The government has extended customs duty relief on key inputs for electronics manufacturing through March 31, 2029, to improve India’s cost competitiveness in electronics and electric mobility manufacturing.

Three customs notifications issued on July 8 exempt five components used in display assemblies, display cells, flexible printed circuit assemblies (FPCAs), backlight units, frames and anisotropic conductive film (ACF), from basic customs duty for automotive, medical and industrial applications. The relief does not extend to display assemblies used in mobile phones, smartwatches, smart meters, television panels or interactive flat-panel displays.

A separate notification extends zero customs duty, also through March 2029, on six components used to manufacture inductor coil modules for wireless charging in mobile phones, including nano-crystalline assemblies, E-shields, PET liners, PC shims, stranded and NFC coils, and neodymium-iron-boron magnets. The notifications additionally expand the list of machinery eligible for concessional duty in lithium-ion cell manufacturing.

Implications for medical device manufacturing
By keeping duty relief in place on display cells, FPCAs and backlight units,inputs used in equipment such as patient monitors, imaging consoles and diagnostic analyzers, the notifications are expected to help lower input costs for domestic MedTech manufacturers that assemble display-based devices in India. Industry stakeholders have previously argued for duty concessions of this kind as a bridge measure to support local manufacturers while India’s component supply chain for medical electronics continues to develop.
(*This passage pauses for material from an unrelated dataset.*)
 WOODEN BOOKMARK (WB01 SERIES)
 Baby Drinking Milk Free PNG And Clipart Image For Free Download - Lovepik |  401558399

Lower input costs on display and battery-related components could, over time, help manufacturers avoid passing higher costs on to hospitals and patients, particularly for portable and battery-powered devices such as infusion pumps and diagnostic equipment used outside major metro hospitals. Any resulting effect on device pricing or availability, however, would depend on how manufacturers pass through the savings and on broader supply-chain and demand factors, which are not addressed in the notifications themselves.

The government has framed the broader package primarily as an electronics and EV manufacturing measure rather than a healthcare-specific one; medical devices are one of several end-use categories, alongside automotive and industrial equipment, covered by the display-assembly exemption.